===== DATA SHOWN =====

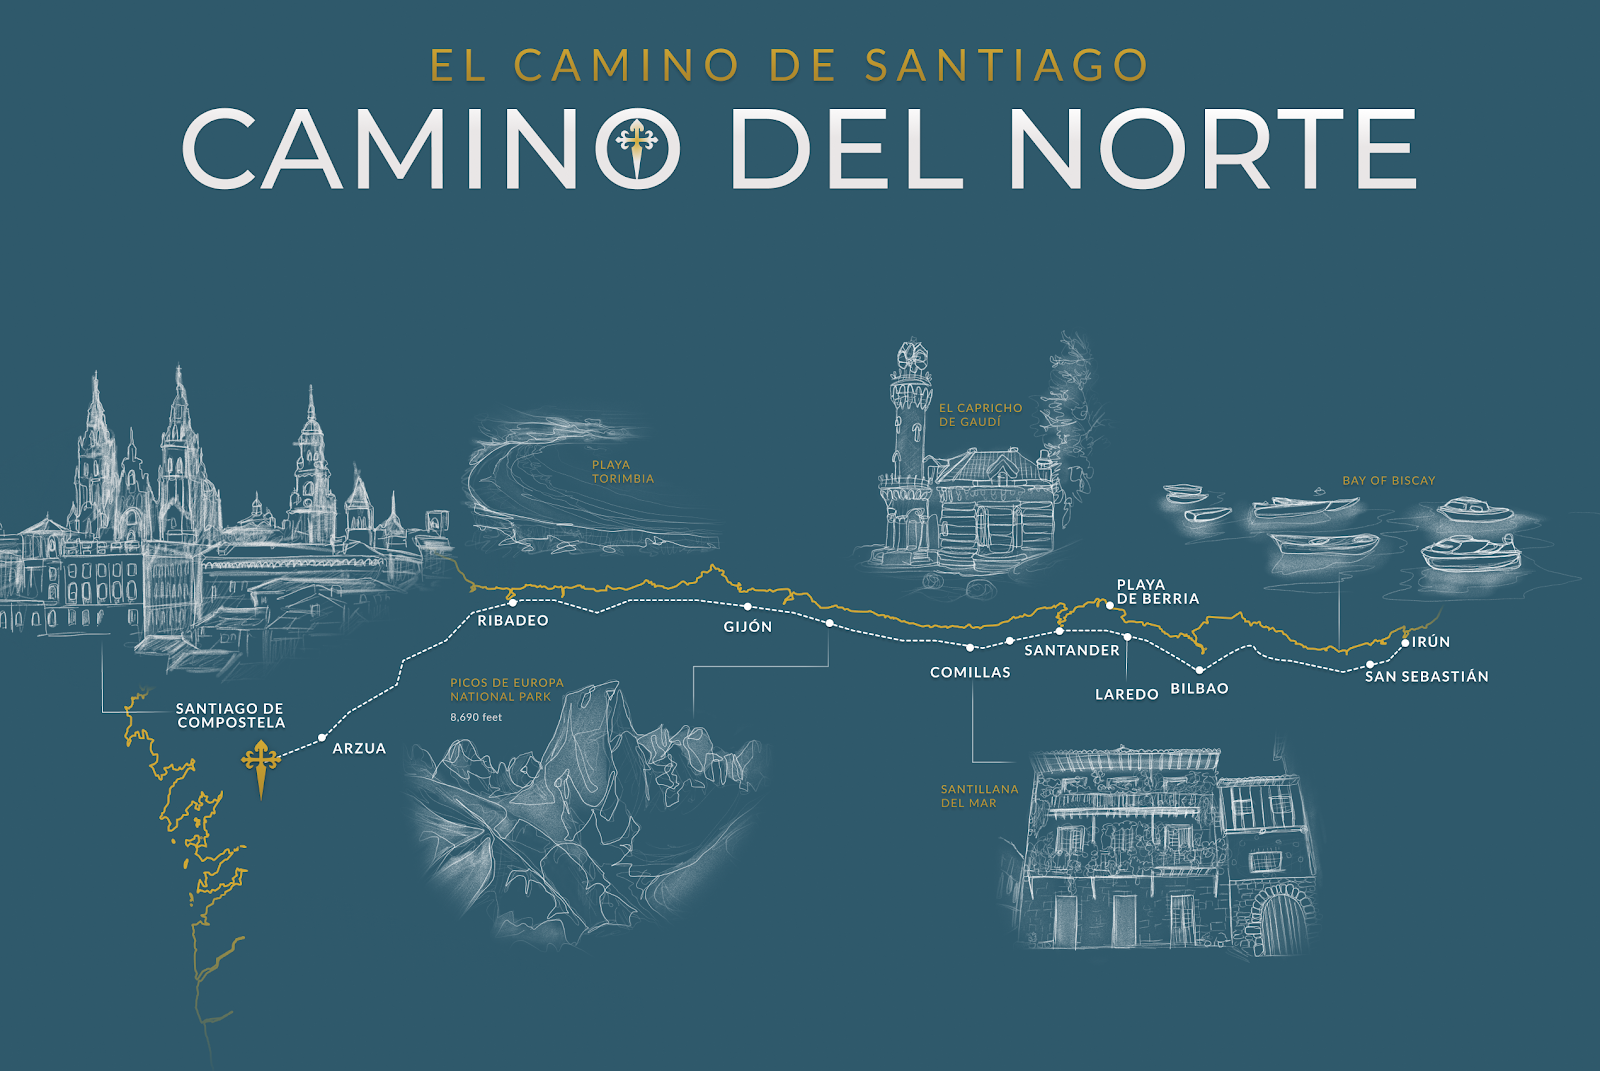 Camino del Norte route map
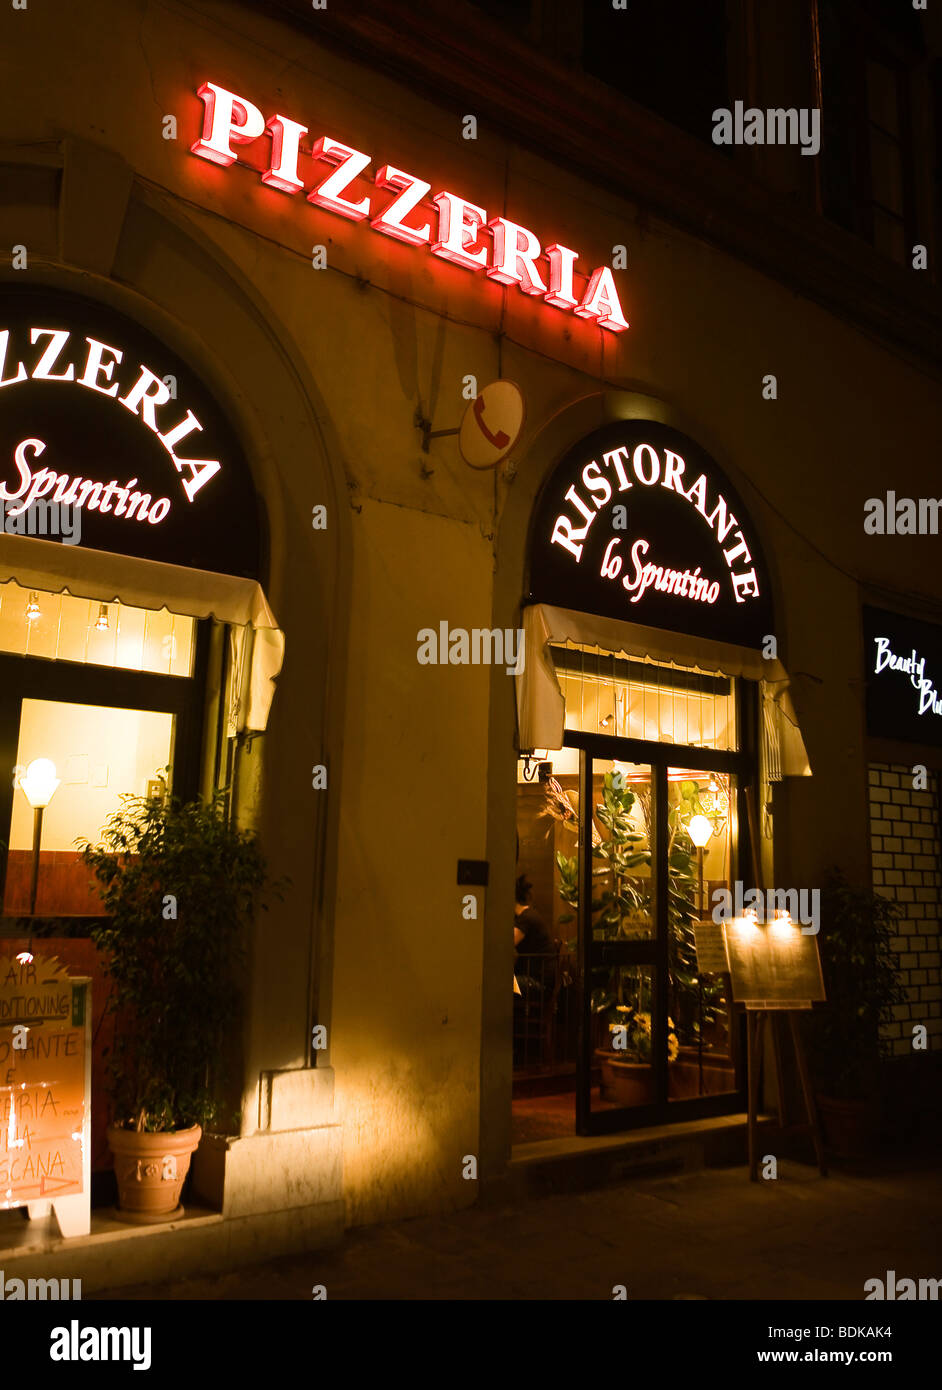 Pizzeria, Florence, Italy Stock Photo
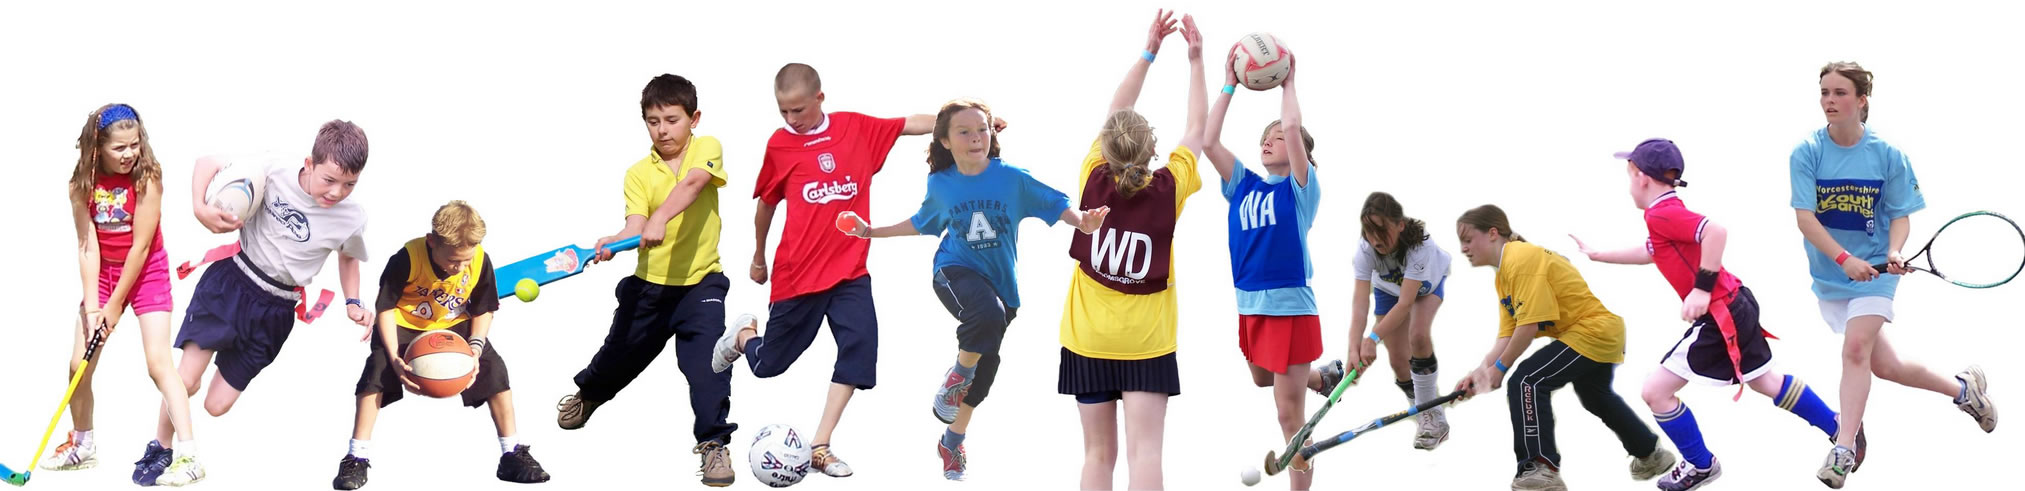 Выбор вида спорта для ребенка
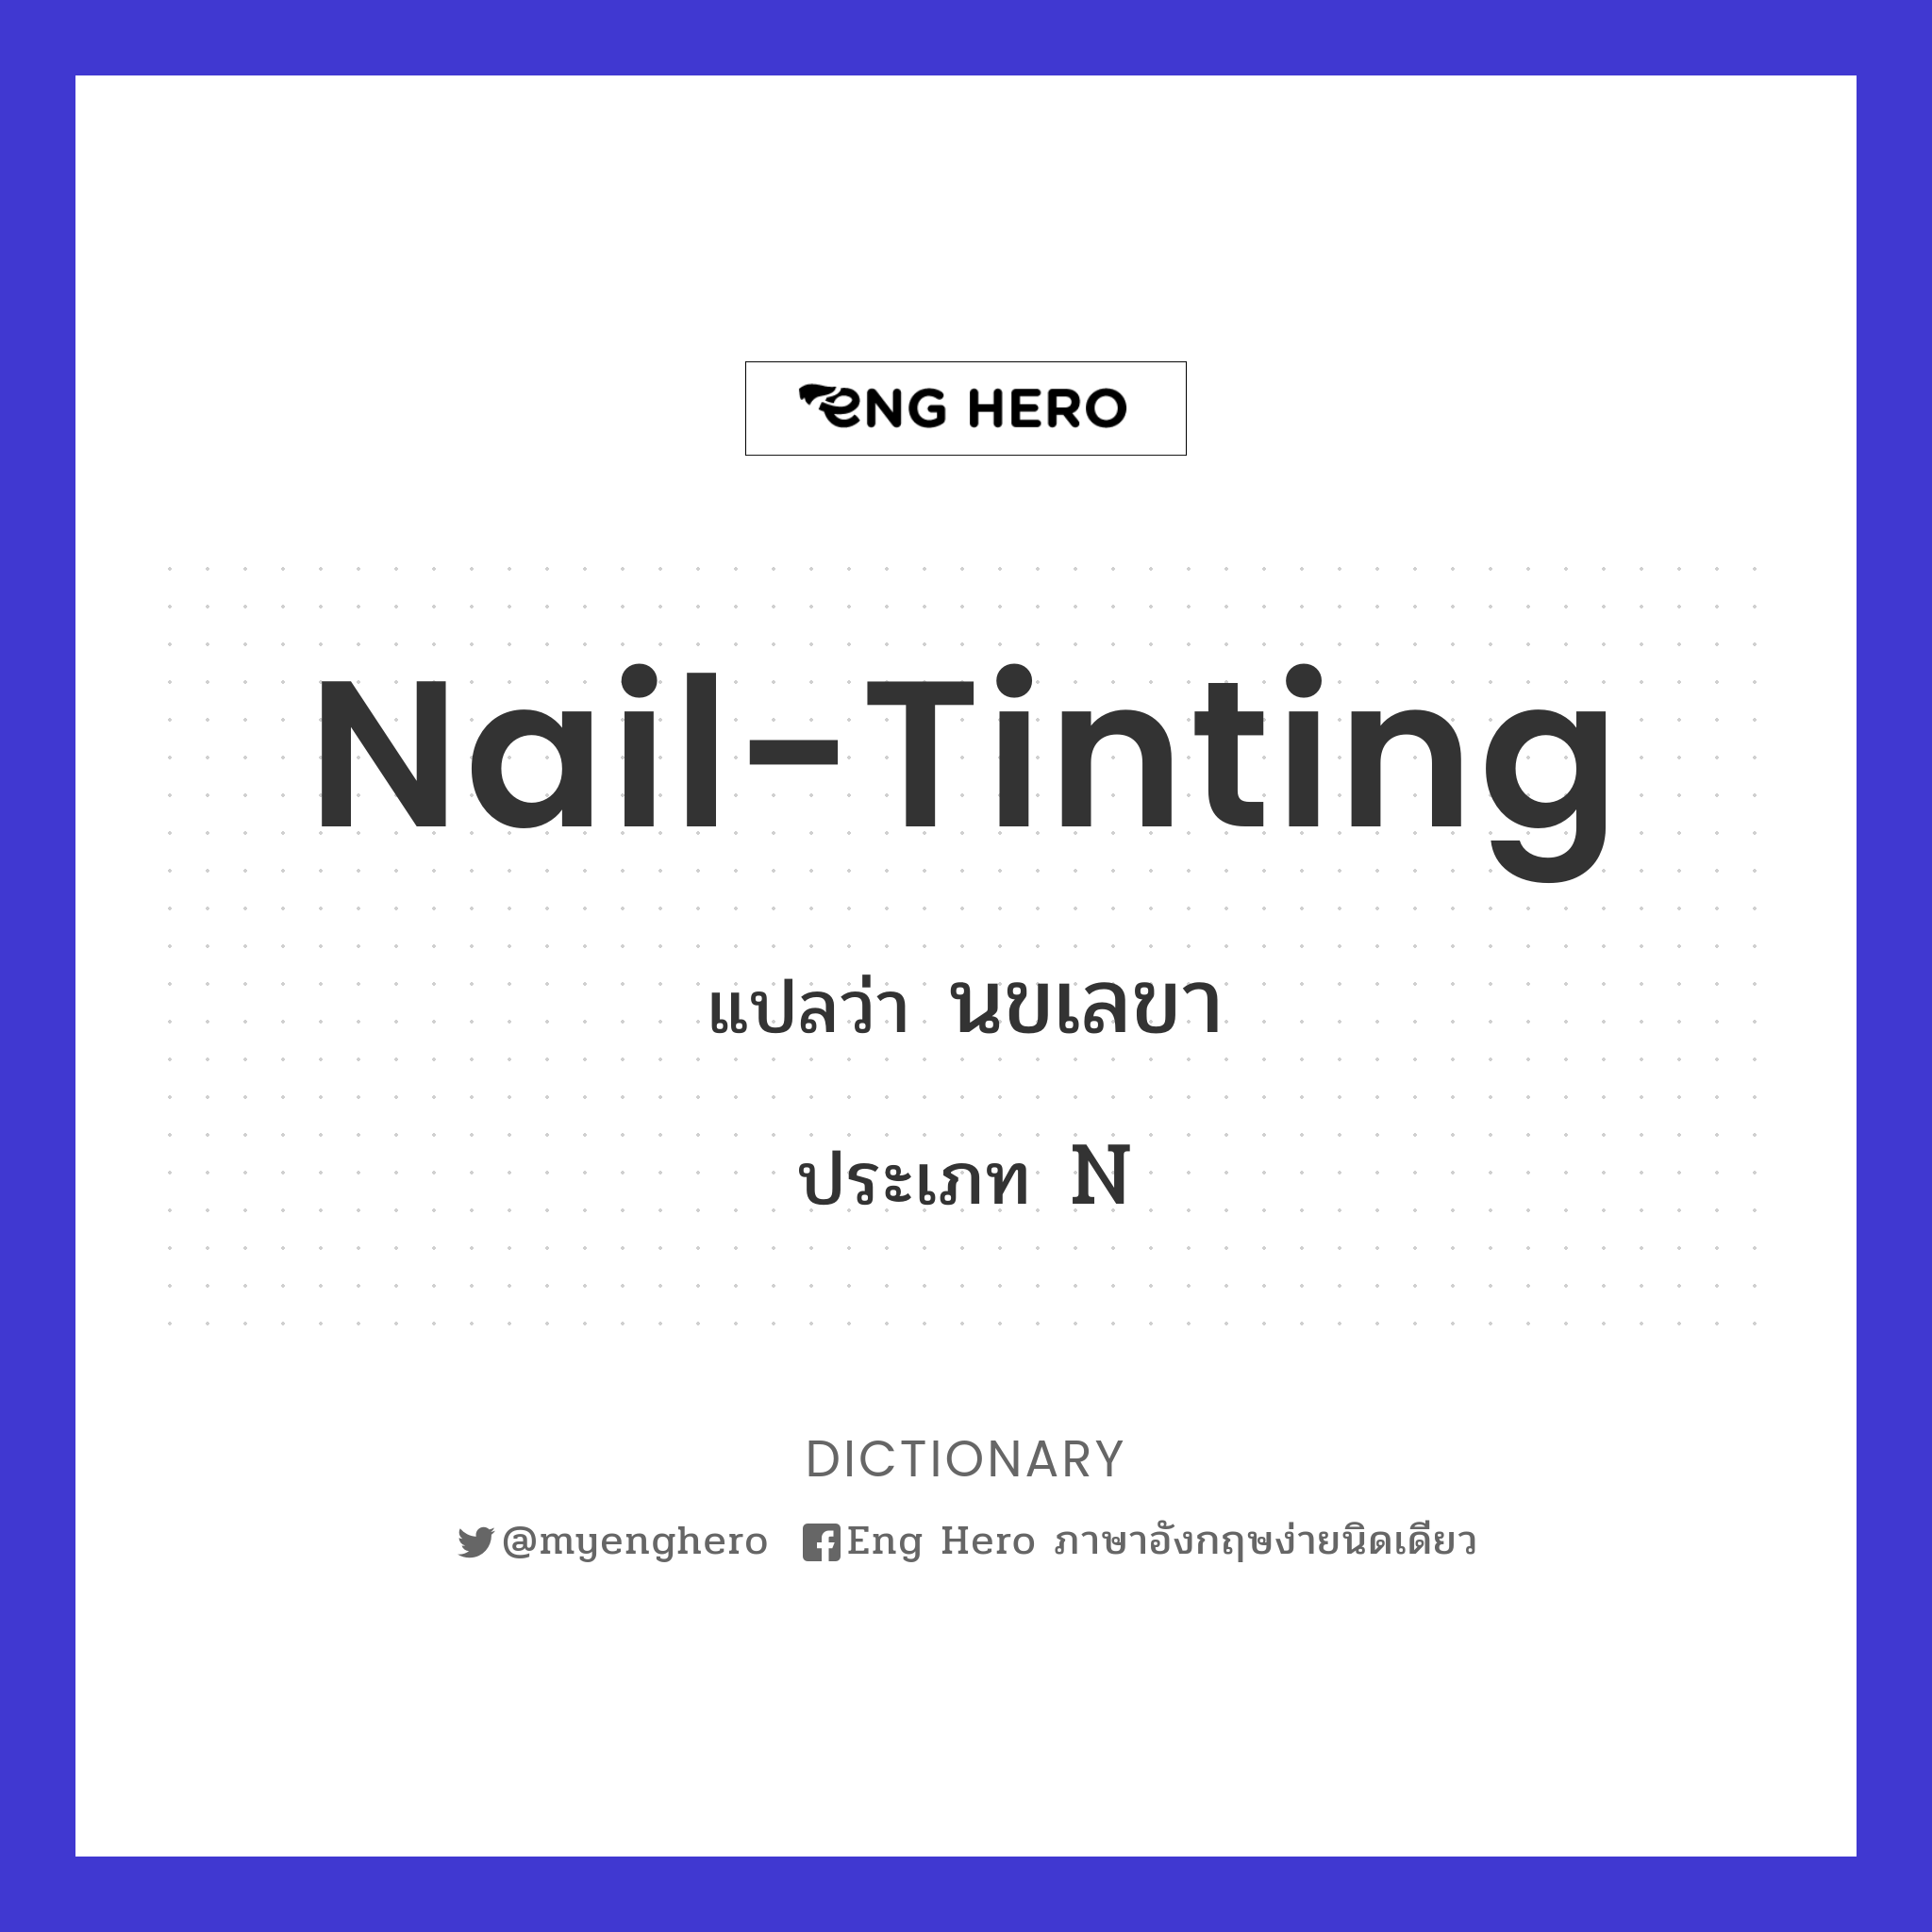 nail-tinting

=====

_TASK REQUIREMENTS:_ Reproduce each line above exactly, but not a single picture.

_WRITTEN ANSWER:_
 Camino del Norte route map
 Pizzeria, Florence, Italy Stock Photo
 Выбор вида спорта для ребенка
 nail-tinting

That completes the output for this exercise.